That is a consideration, but you have to be pretty dedicated to running an alternative firmware on a router to even look into any of the Big Three (OpenWRT, DD-WRT, and FreshTomato) in the first place, so I'm not convinced that would be much of a factor.
I'm far more worried about developer inattention on commercially successful router hardware that is already widely distributed.
Suppose the BannanaPi project gets approved, and they distributed 10,00 of the devices - while Linksys's next product distributes 100,000 devices.
The project will be pressured to spend time on that which won't be spent supporting the Linksys. Result - while 10K devices will have openwrt on them, a potential for far more will be lost.
The problem in a nutshell is wifi6 - more accurately, the bugaboo/spectre of wifi6
the problem with building wifi APs is in the nature of wifi itself. There is no more available radio spectrum - go to any dense area and there's hundreds of wifi APs broadcasting - and (at least in the US) the FCC mandates that new wifi is not permitted to disrupt signals of existing wifi. So the new wifi chips are all compatible with the old ones - and will back-rev to the older protocols when they see those broadcasts - and the end result is not only is there NOT any new spectrum available, but the newer radio chips aren't any faster than the older ones. But wait - there's even worse. Wifi bandwidth is directly related to frequency - higher bandwidth needs higher frequencies - but higher frequencies go shorter distances. The newest wifi6 standards might go to a gigabit - but only to a distance of maybe 5 feet.
So the upshot of all of this is - you can drop $200USD on a brand new wifi router - and get ZERO throughput benefit over a 4 year old wifi router.
So from a hardware viewpoint how to companies like Netgear continue selling hardware?
They do it by lying to the consumers telling them the new kit is better than the old kit - when it's not.
Consumers aren't completely stupid so these companies do things like quit releasing firmware updates for 2-3 year old gear. That then forces people to discard old gear and buy new gear. Not so much in the home but it's really bad in the corporation - older gear won't pass security audits and so even though it's working fine it has to be replaced.
The Big 3 router projects really screw this up. By keeping 4-8 year old gear fully updated, it keeps that gear in competition with new gear the hardware makers release.
As a result the hardware makers have gotten nastier and nastier with releasing programming info.
Broadcom for example does not since they want to keep selling new versions of SoC's. And their consumers - Netgear, TP-Link, etc. - also want that and are no help pressuring them to release specs.
The only way to respond to this is by force. This is why the FSF was created - to use legal threats to help pry open specs from people who sell these SoCs and use free Linux software to run on them. This is also why OpenWRT is even thinking of screwing around with hardware. They think if they can get a hardware device on the market they will push how it's open with the thought that customers will clamor for open gear, and that clamoring will pressure companies like Netgear and Broadcom to tell customers that they will open their stuff too. This is why they are working with MediaTek - a company that competes with Broadcom - but has a much smaller market share. MediaTek opens its data to get customers who are demanding that and won't buy Broadcom.
The Big 3 are divided on how to respond to this. FreshTomato's response is just to keep it's head down, use the same kernels that the major makers like Netgear use, the binary blob drivers they use, and support a limited and older selection of gear.
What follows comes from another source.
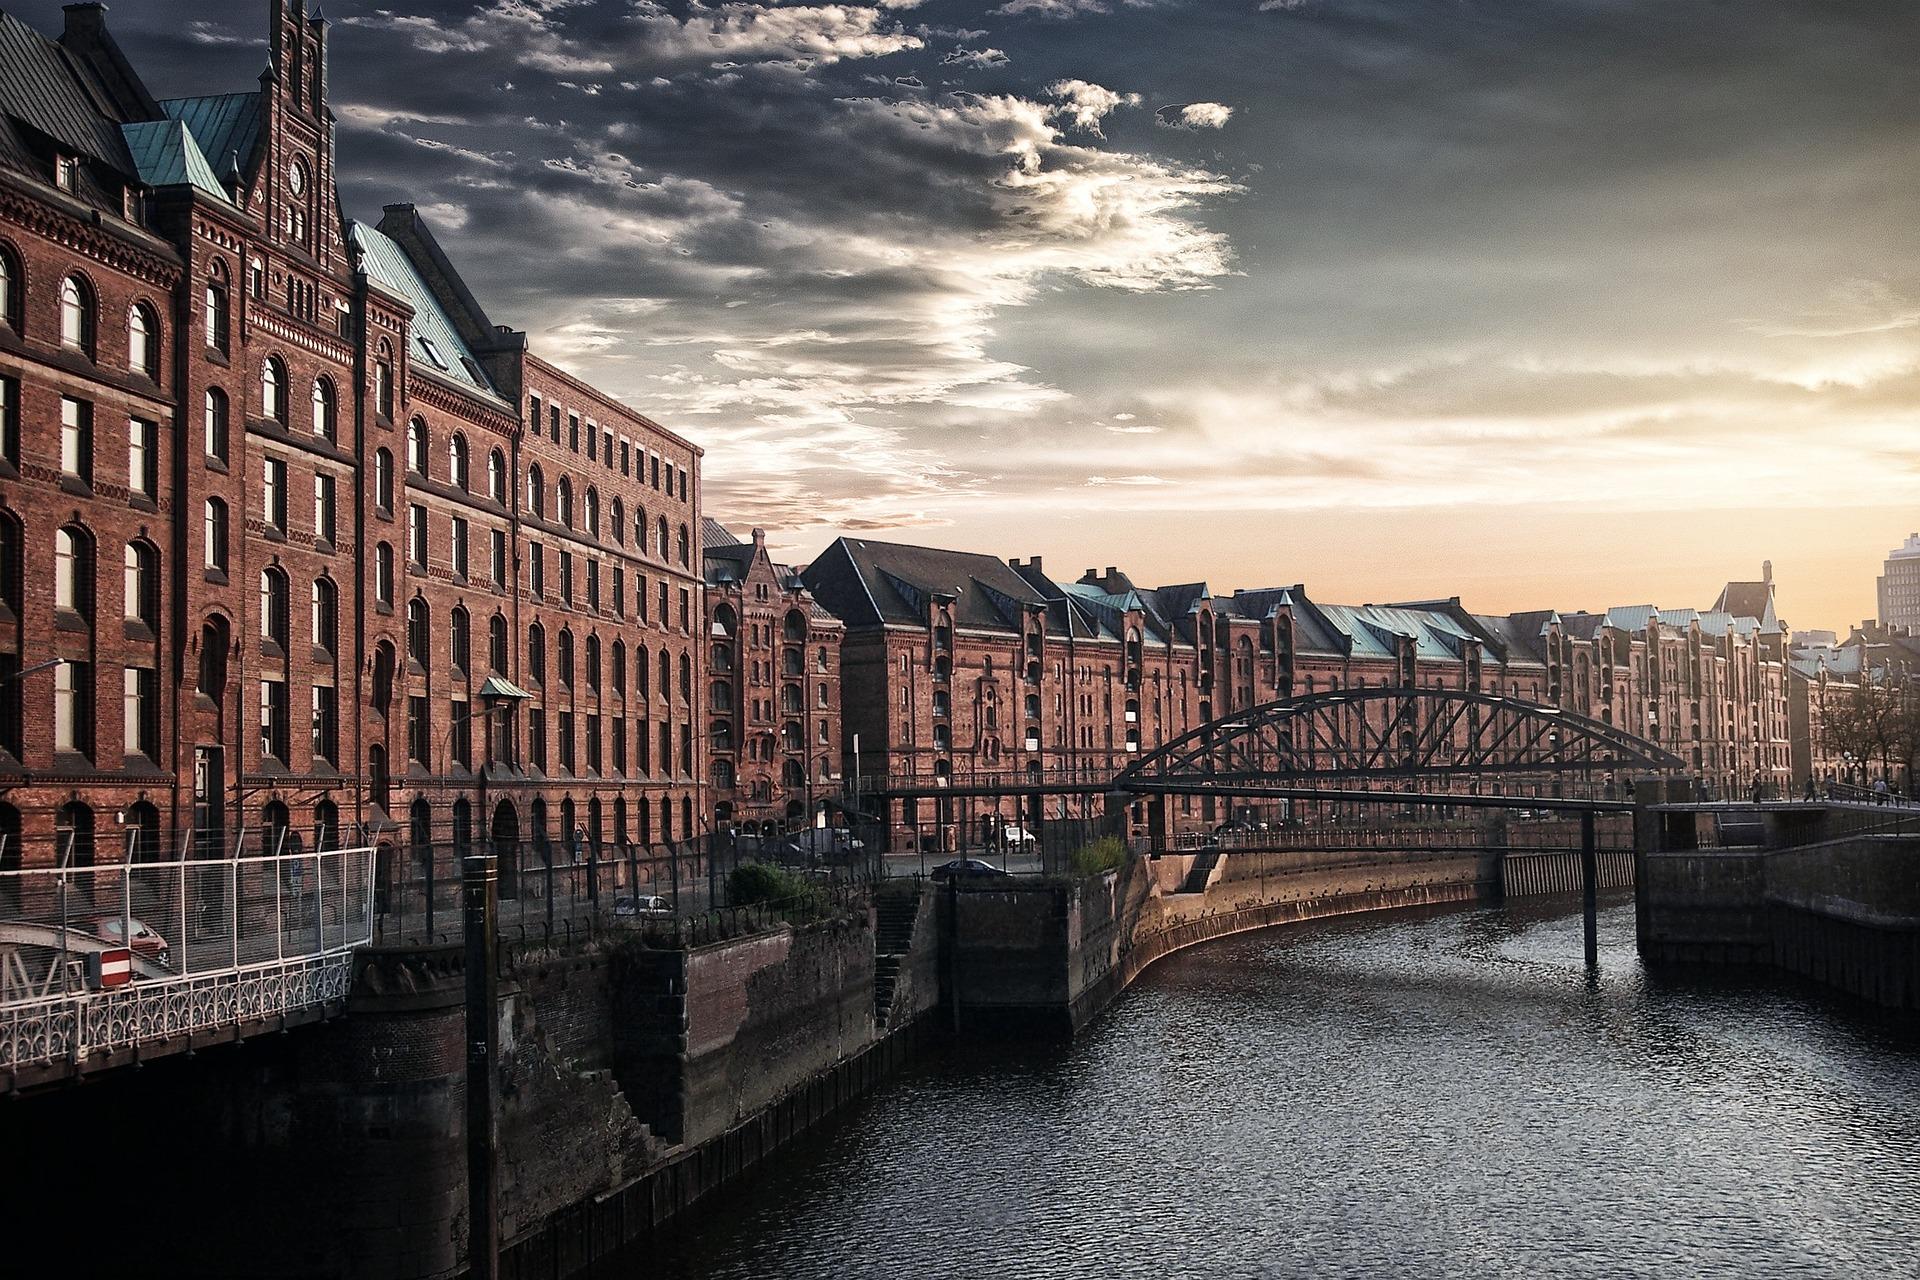 Città, Fiume, Ponte, Cielo, Hamburgo - Sfondi HD - Professor-falken.com
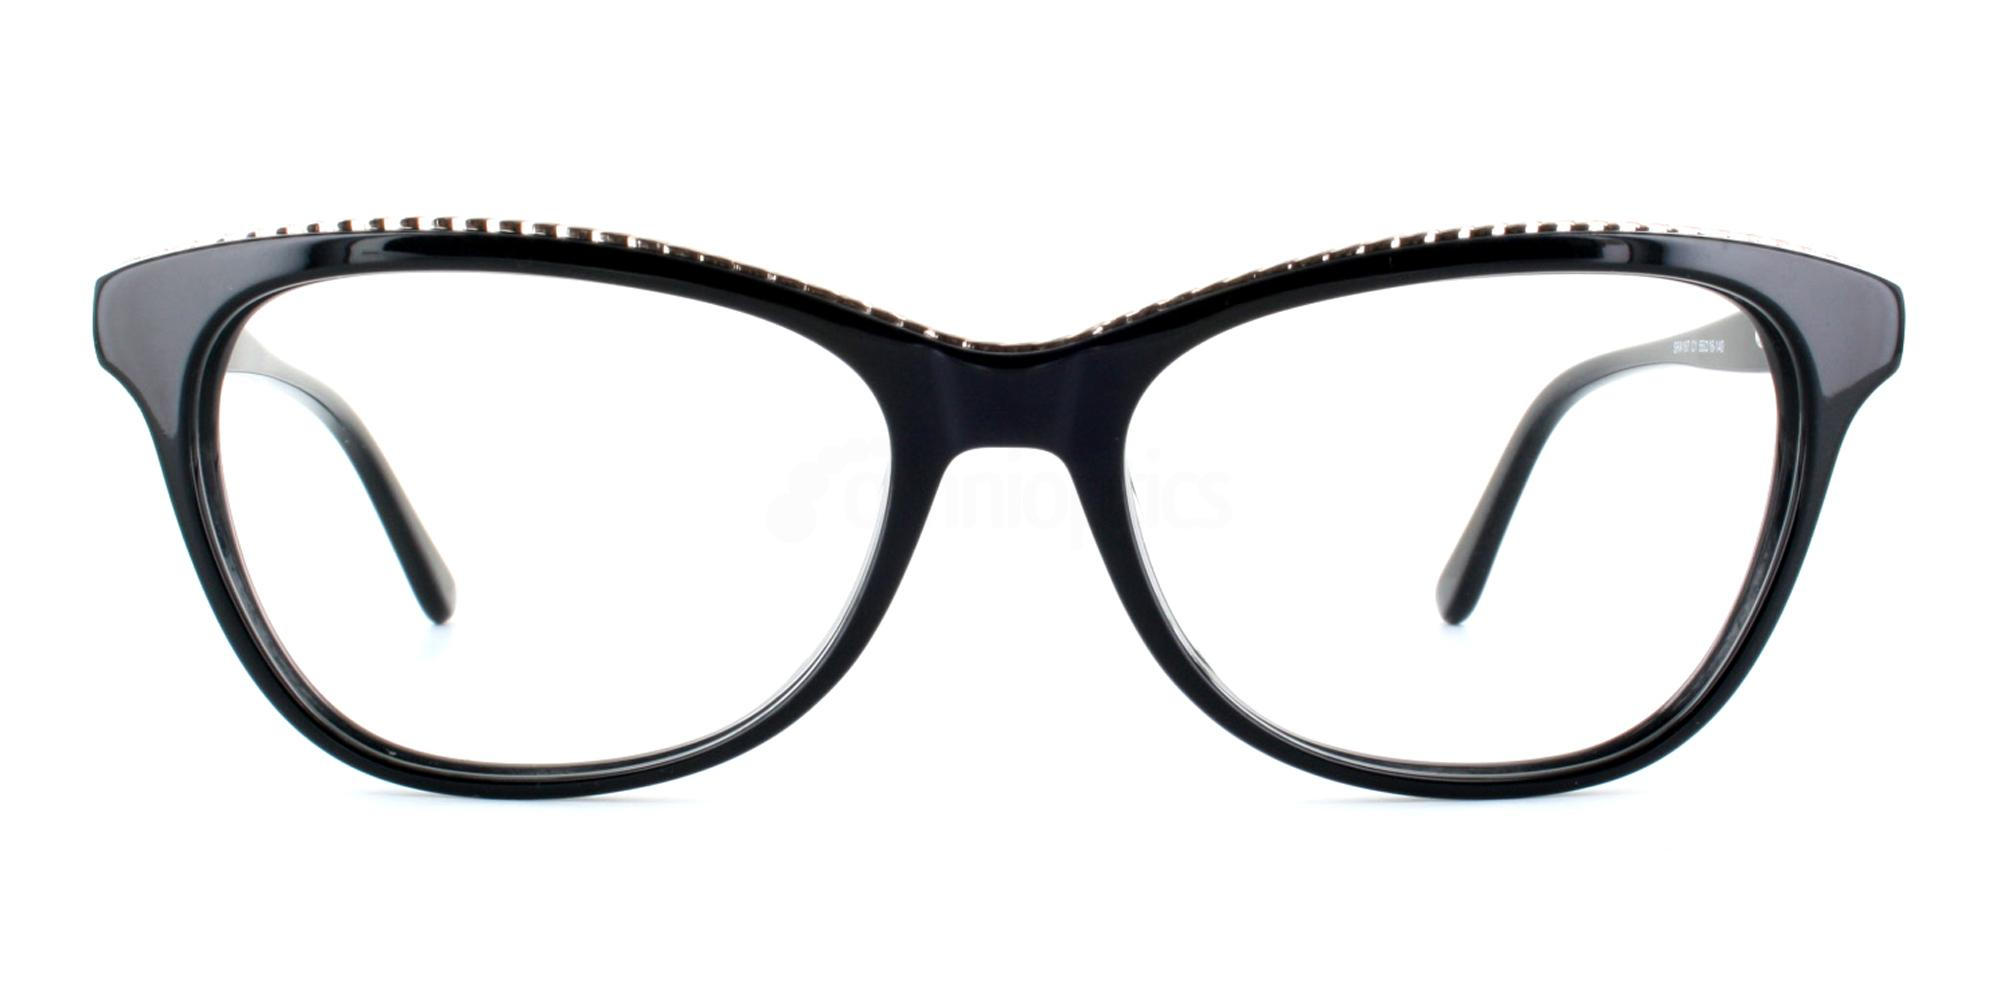 C1 SRA167 Glasses, SelectSpecs

DD-WRT's response has been for their chief developer to sign NDA's with Broadcom for certain chips to obtain programming data allowing those to be used with slightly newer kernels, but unfortunately Broadcom seems unwilling to do this - yet - with it's wifi6 chips. OpenWRT's response has been to wring their hands and for a long time push users to hardware that uses MediakTek stuff.
The decision to try to compete head to head with the closed source SoC vendors like Broadcom and their customers like Netgear, with this BannanaPi project+MediaTek project, is for sure better than just the hand-wringing that's been going on. But I feel they are not fully utilizing the FSF's power. It's frankly disgusting when you open up a brand new commercially sold router and find OpenWRT in there along with a ton of binary blob drivers from the SoC vendor which make it impossible to use with the public version of OpenWRT. That's precisely why the DD-WRT developer split from OpenWRT so many years ago, he threw up his hands and decided half a loaf is better than nothing. The FSF should be pressuring these SoC vendors and telling them look, your silicon would be trash if it wasn't for Linux so the least you can do is open source the drivers for your older SoC's that aren't being used commercially anymore. They should be pressuring the router vendors to knock off nonsense like making boot loaders in these devices only load encrypted firmware (a regrettable development that has happened in the cell phone arena) without assistance distributing keys, like what was done in the x86 arena when Microsoft forced the manufacturers to release BIOS that would allow turning off secure boot and worked with Linux to get secure boot support in Linux. But OpenWRT seems unwilling to push the FSF to do this and has hit on this alternative of trying to compete in the router vendors backyards.